While each of the 4 behaviours (localizing, traversing a map, detecting a certain image and docking) isn't too dificult on their own, having them work together in a concise and efficient manner is very difficult. We were able to accomplish properly implementing all the behaviours together to create a functioning system to successfully compete in the competition. What we were not able to accomplish with integrating all the behaviours was finding and fixing all the bugs that would arrive from edge cases presented when all the behaviours began to interact within one system. This is a result of actions of one behaviour resulting in unforeseen circumstances in another behaviour which would lead to a certain edge case arising and causing our program to malfunction. If we had additional time or were able to begin working on the competition sooner we believe would could have found and fixed some of the bugs that arised throughout the competition and had a even more successful run as a result.

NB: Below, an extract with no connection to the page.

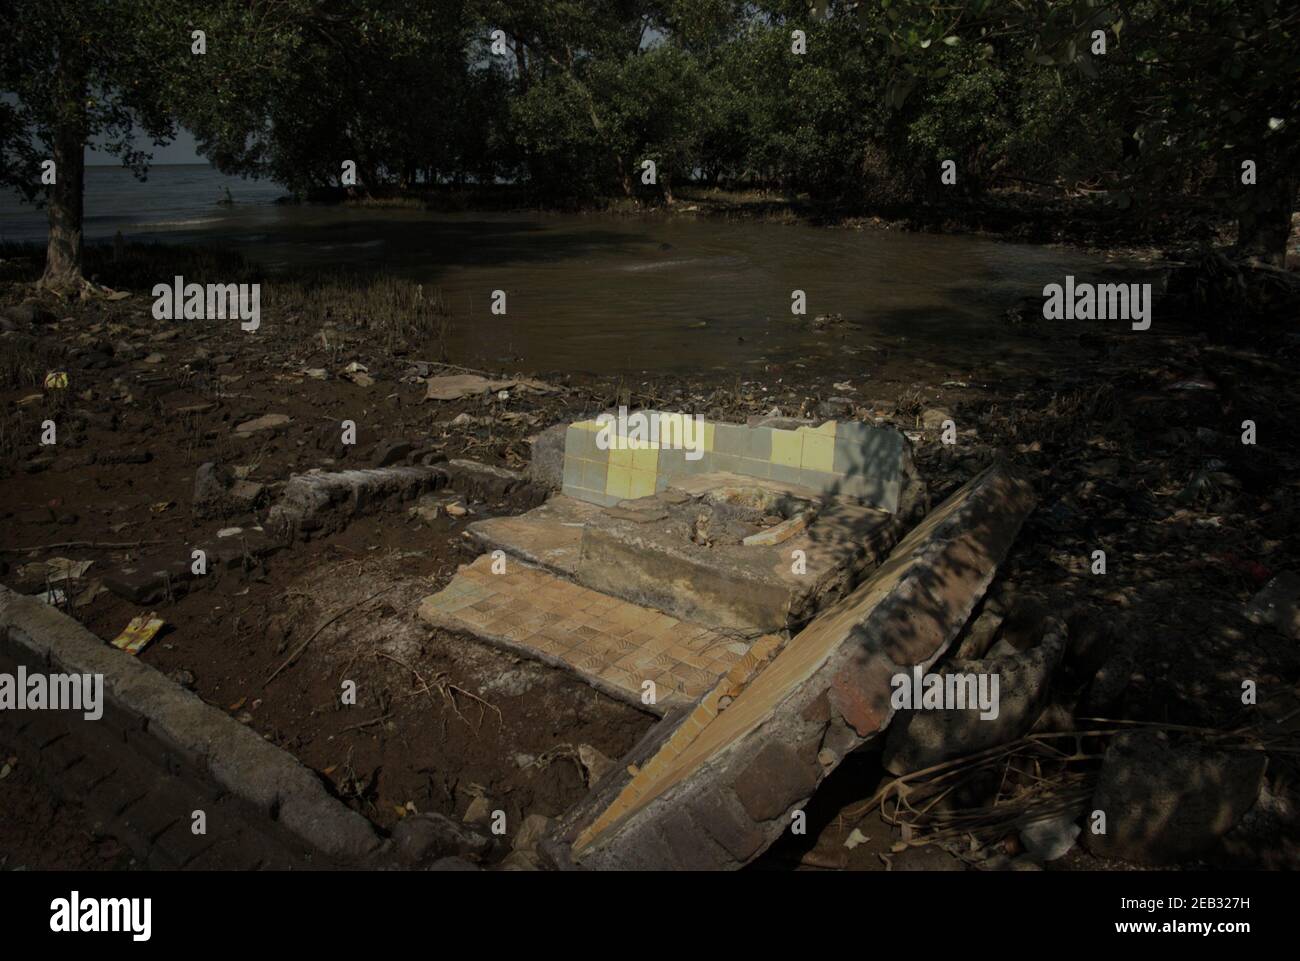 Structure fabriquée par l'homme détruite par l'abrasion côtière, située au milieu de la mangrove de Kapuk Angke, près du village de Kamal Muara, dans la zone côtière de Jakarta, en Indonésie. Banque D'Images
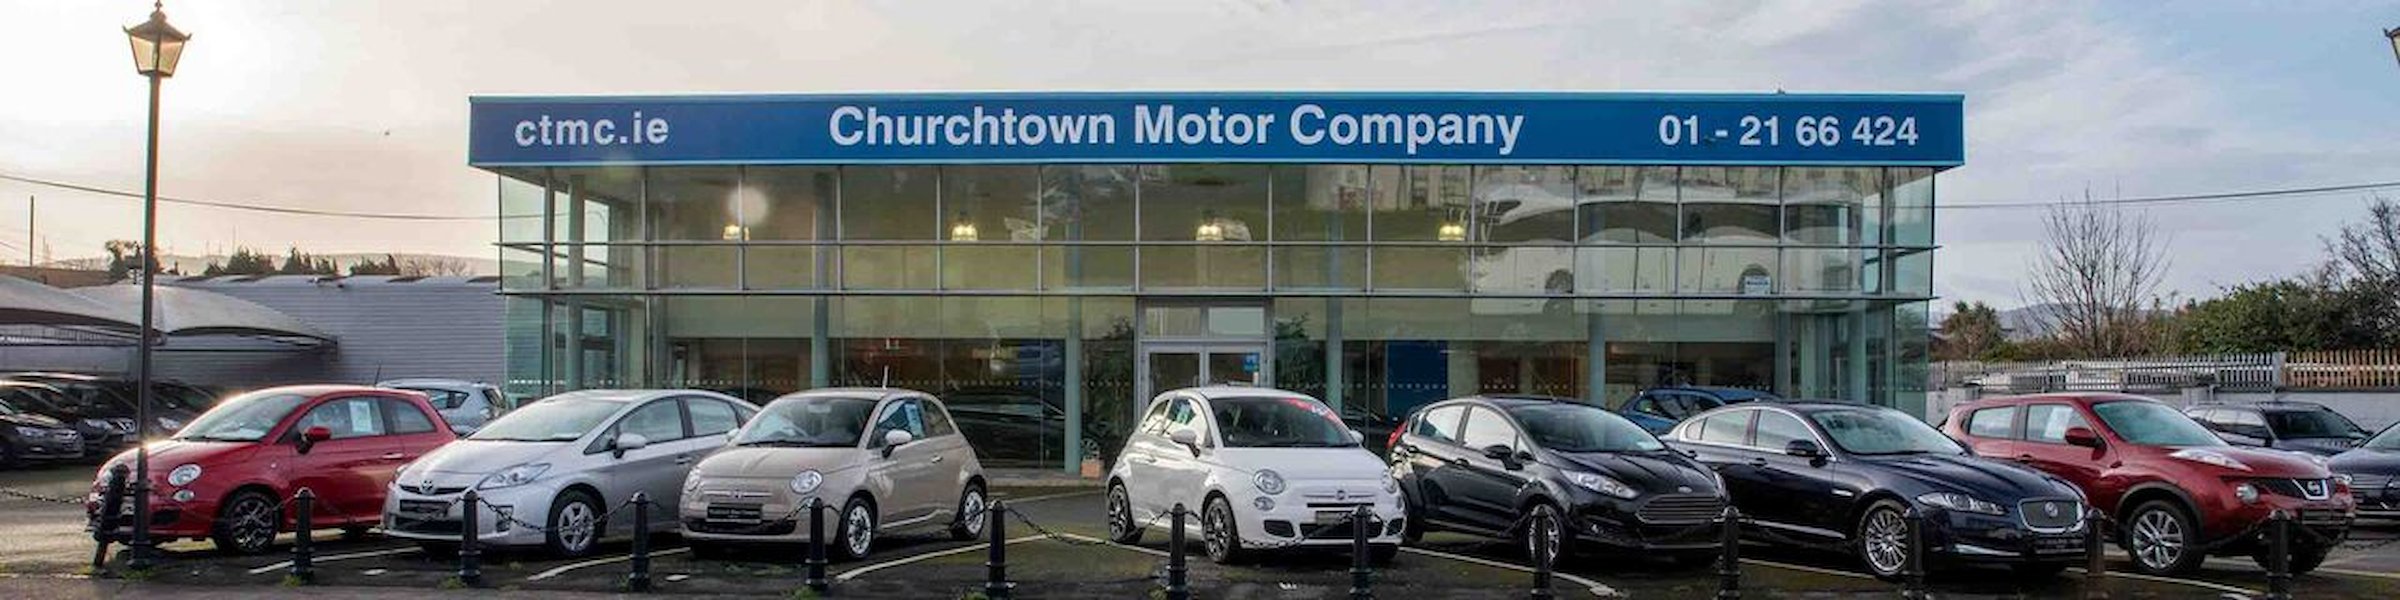 Churchtown Motor Company

The purpose of this competition was to demonstrate the implementation and combination of 4 different behaviours. We were able to successfully implement each behavior and combine the behaviours in a cohesive manner into our robot and as a result we were able to have it complete the competition with the most points. Unfortunately we were not able to weed out and fix all of the bugs present from combining the 4 behaviours. As a result, during the competition some of the bugs were encountered and caused unintended consequences. This result matched what we thought we could accomplish within our hypothesis, even though it was not as robust of an implementation as we would have liked it to be. We could improve our overall score by ironing out some of the different bugs to allow our robot to follow the intended combinations of behaviours more reliably and successfully.